» Brief
Once the line holding "Holiday Bottle Apron" is found in the entries below, transcribe exactly every line up to and including the one holding "Mode Vanities are", but leave out the pictures.

» Data provided
------------------------------------------------------------------------

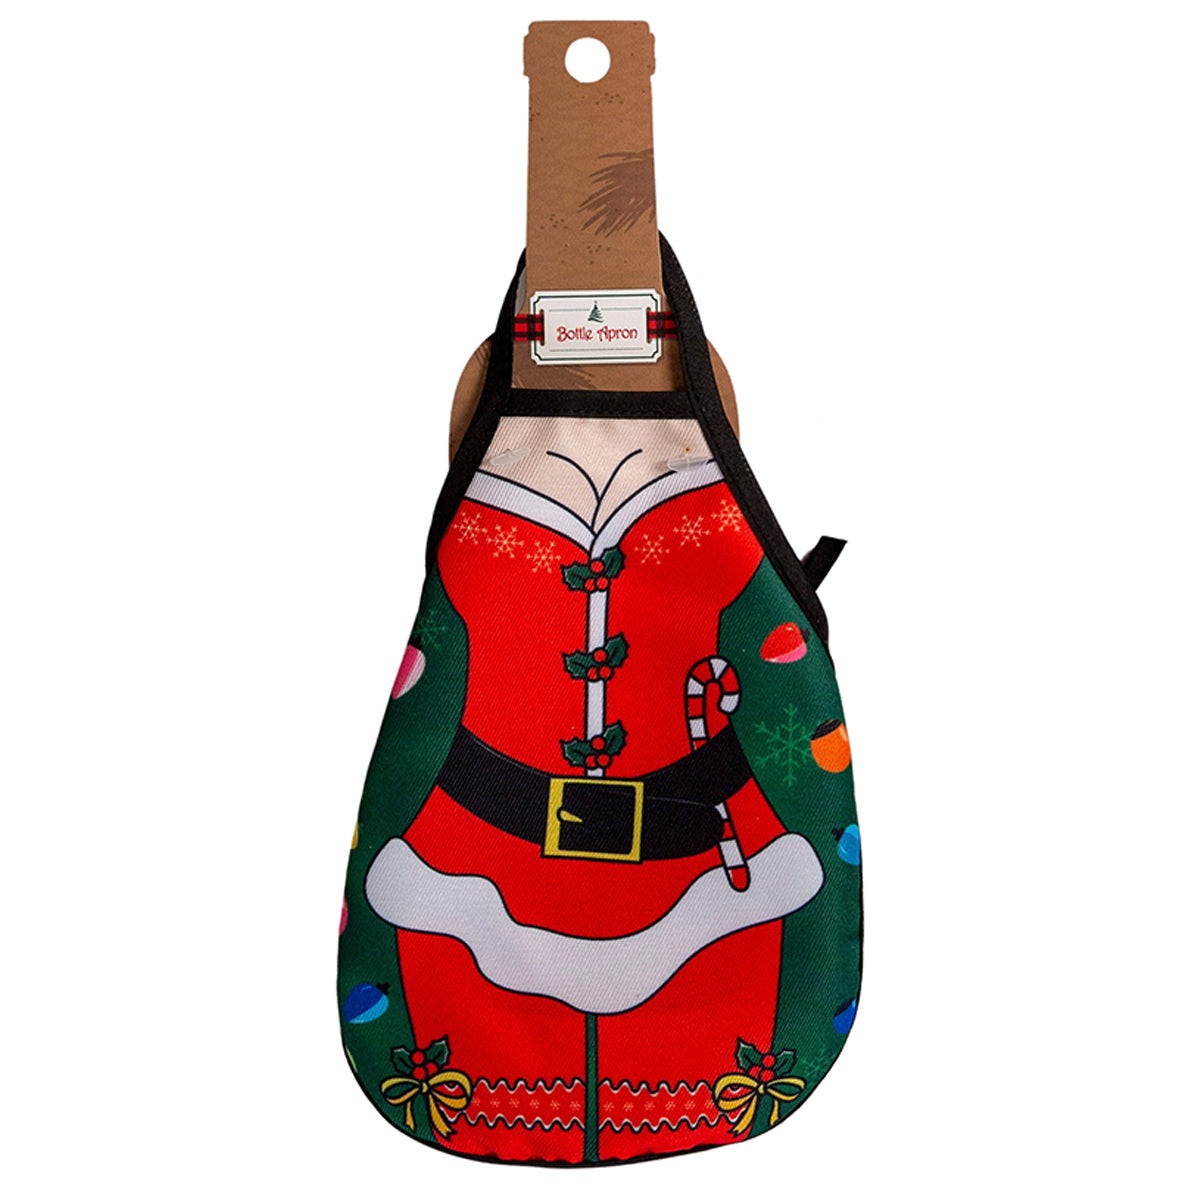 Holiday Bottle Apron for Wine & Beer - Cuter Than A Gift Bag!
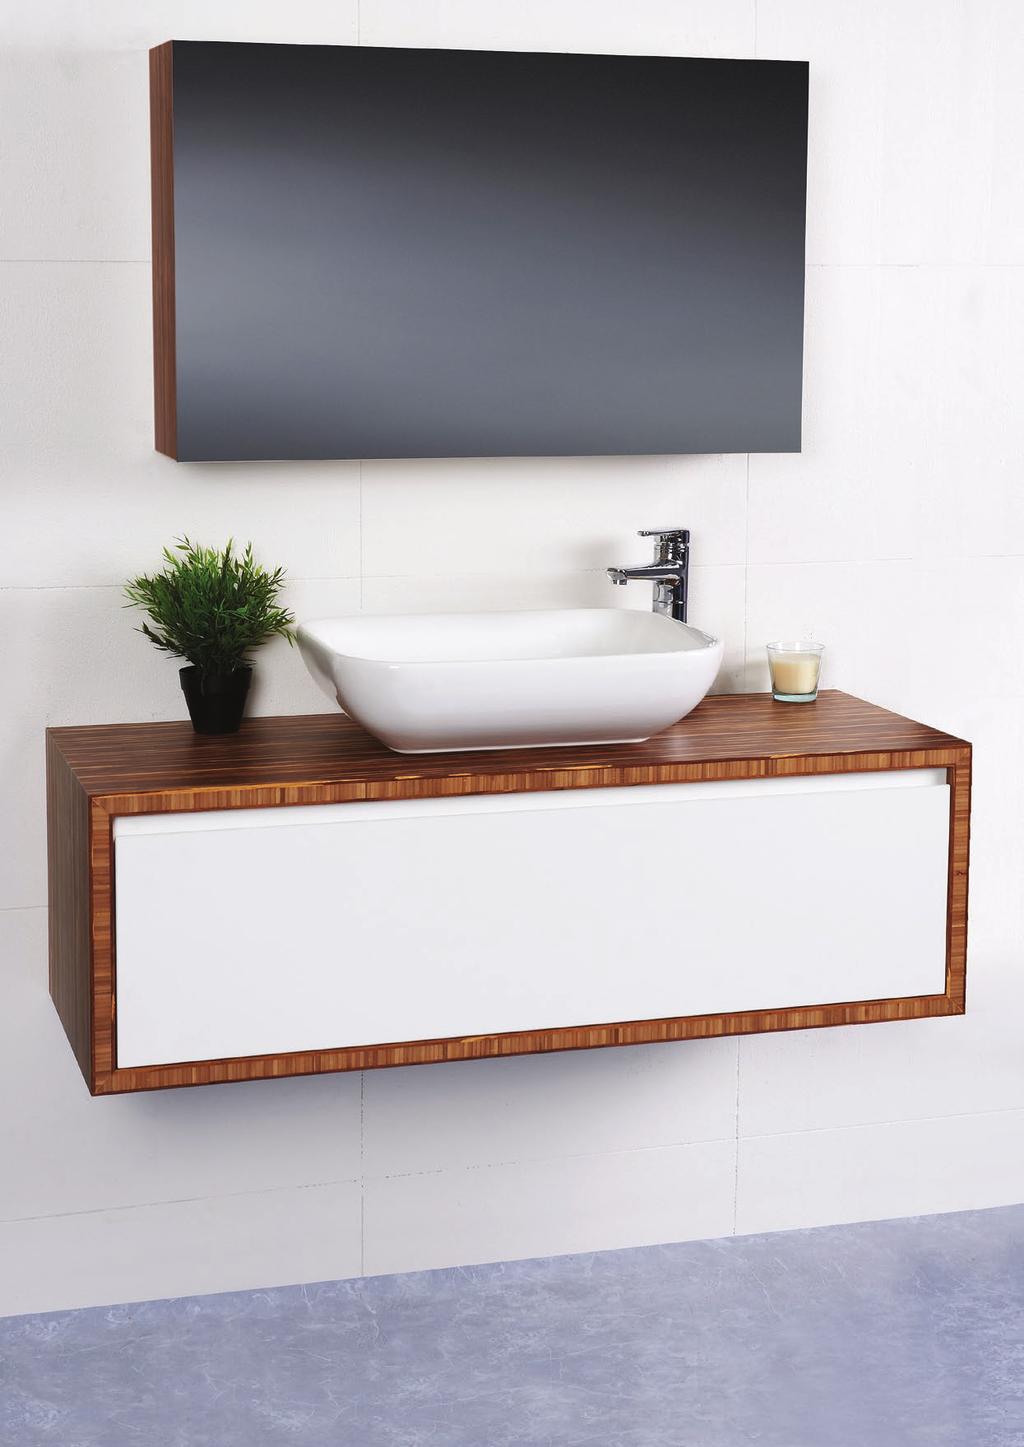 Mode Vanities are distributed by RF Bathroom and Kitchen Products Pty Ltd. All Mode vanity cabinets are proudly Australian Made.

------------------------------------------------------------------------

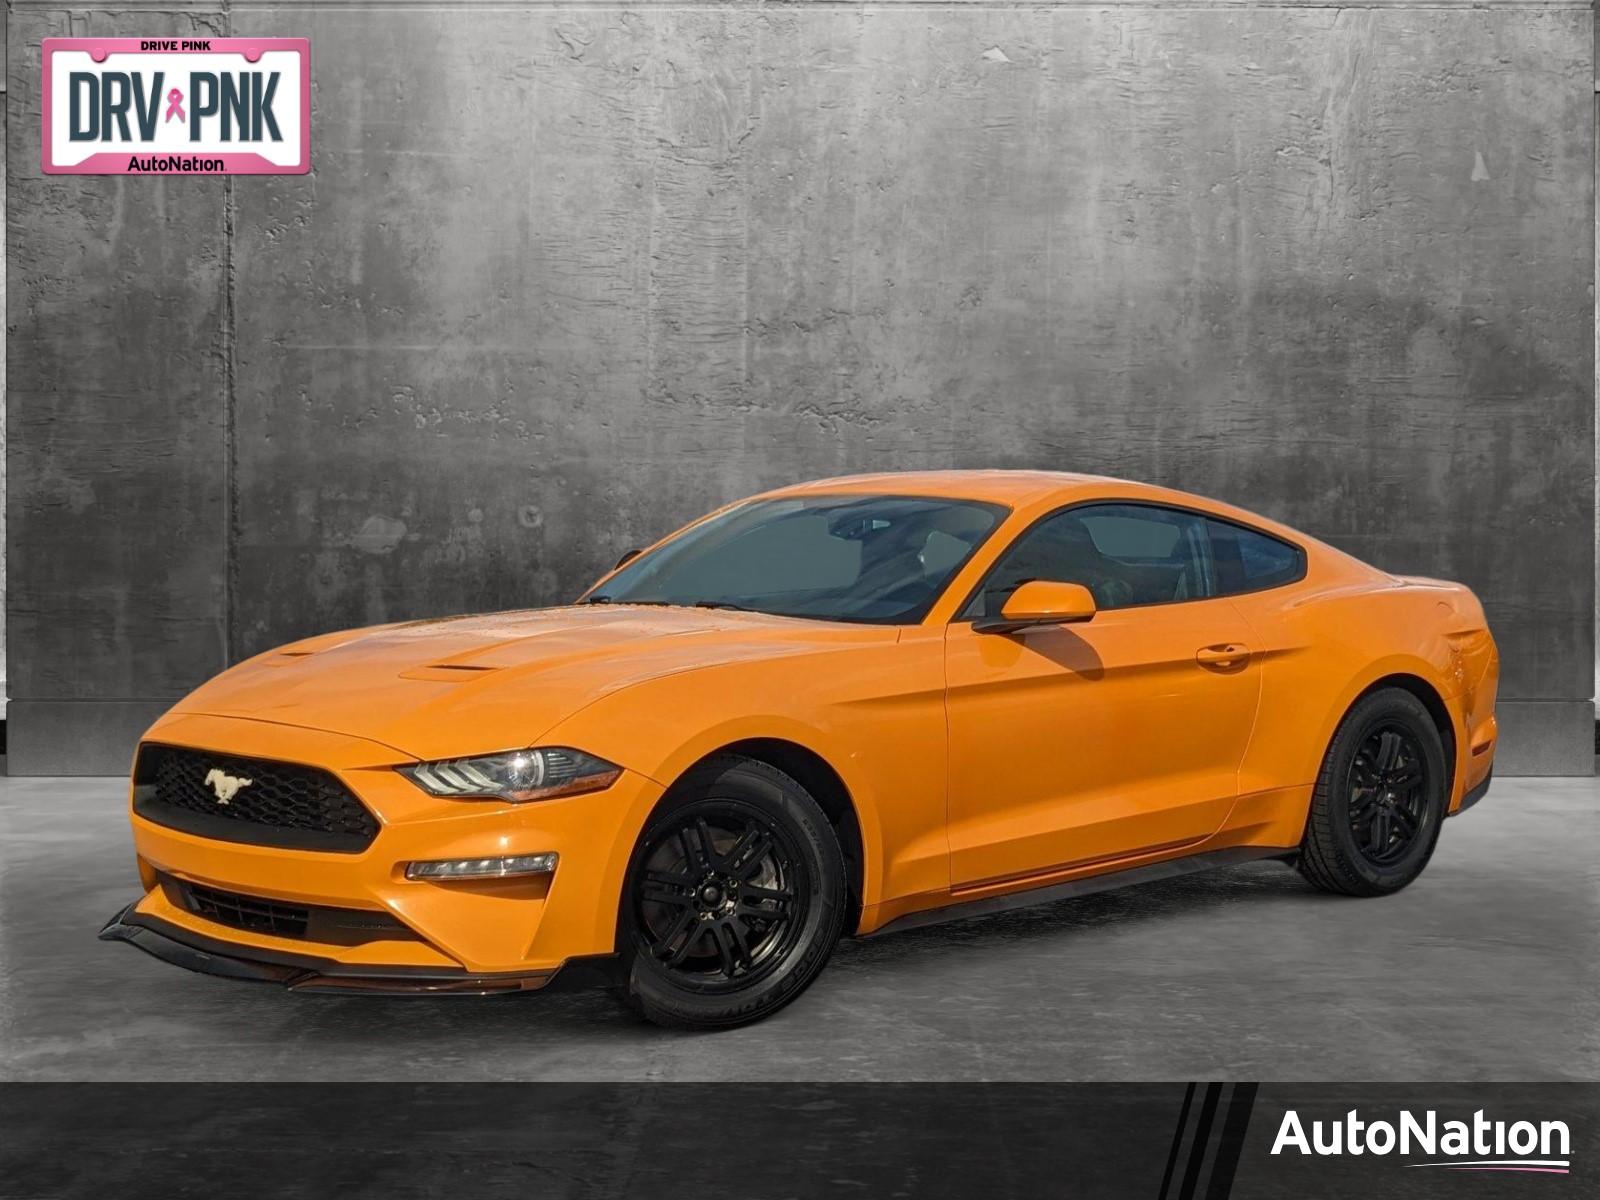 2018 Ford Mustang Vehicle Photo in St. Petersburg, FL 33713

------------------------------------------------------------------------

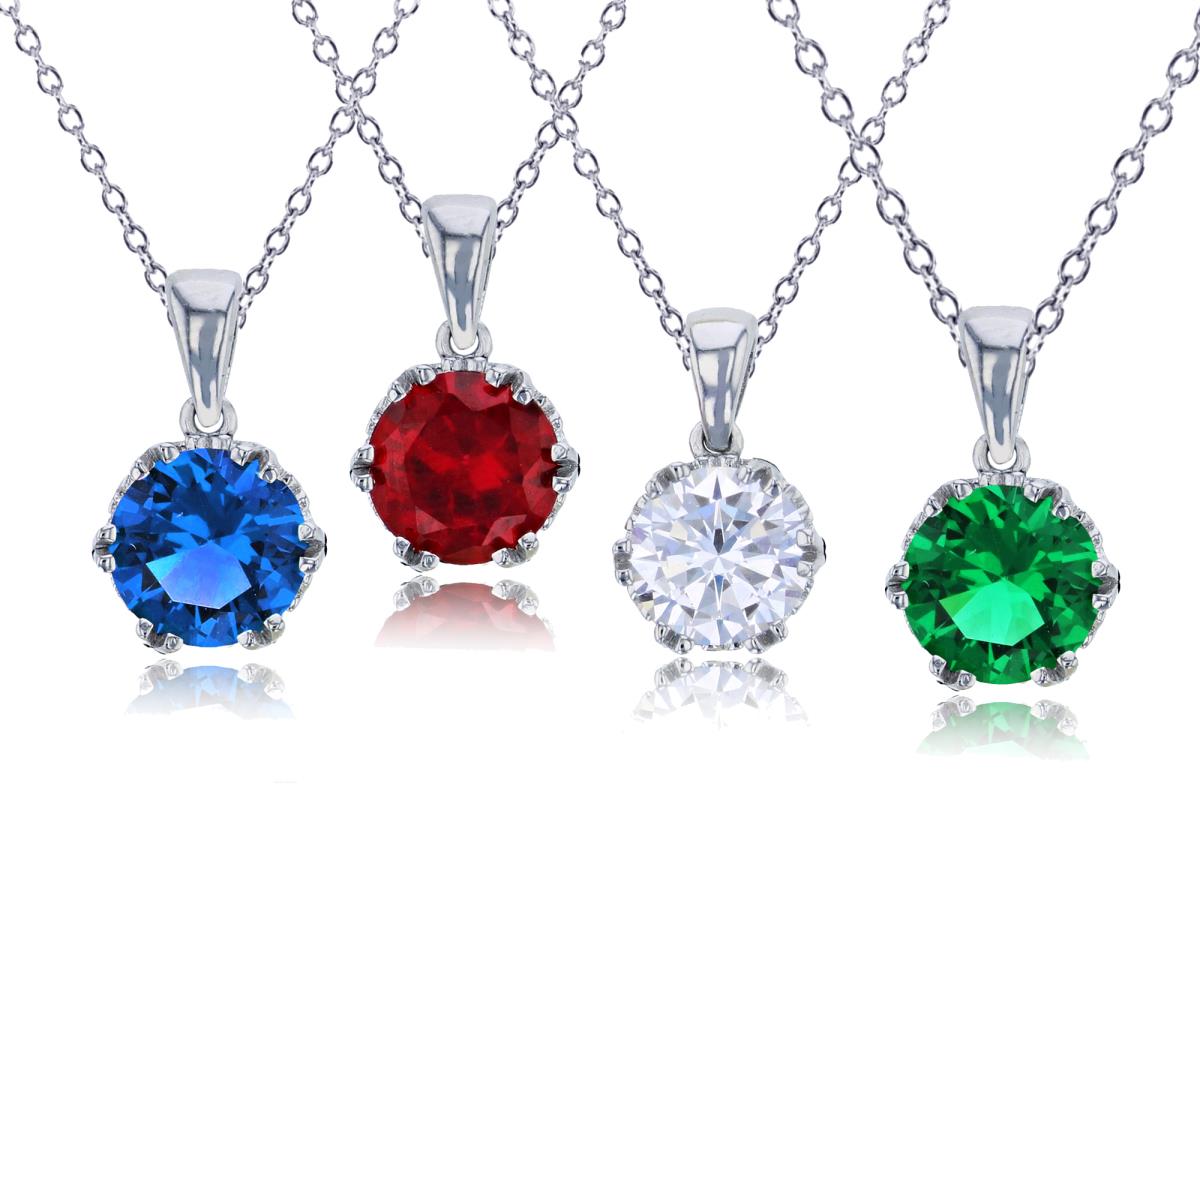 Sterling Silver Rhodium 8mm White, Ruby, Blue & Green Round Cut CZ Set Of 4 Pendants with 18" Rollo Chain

------------------------------------------------------------------------

» Answer to this exercise
 Holiday Bottle Apron for Wine & Beer - Cuter Than A Gift Bag!
 Mode Vanities are distributed by RF Bathroom and Kitchen Products Pty Ltd. All Mode vanity cabinets are proudly Australian Made.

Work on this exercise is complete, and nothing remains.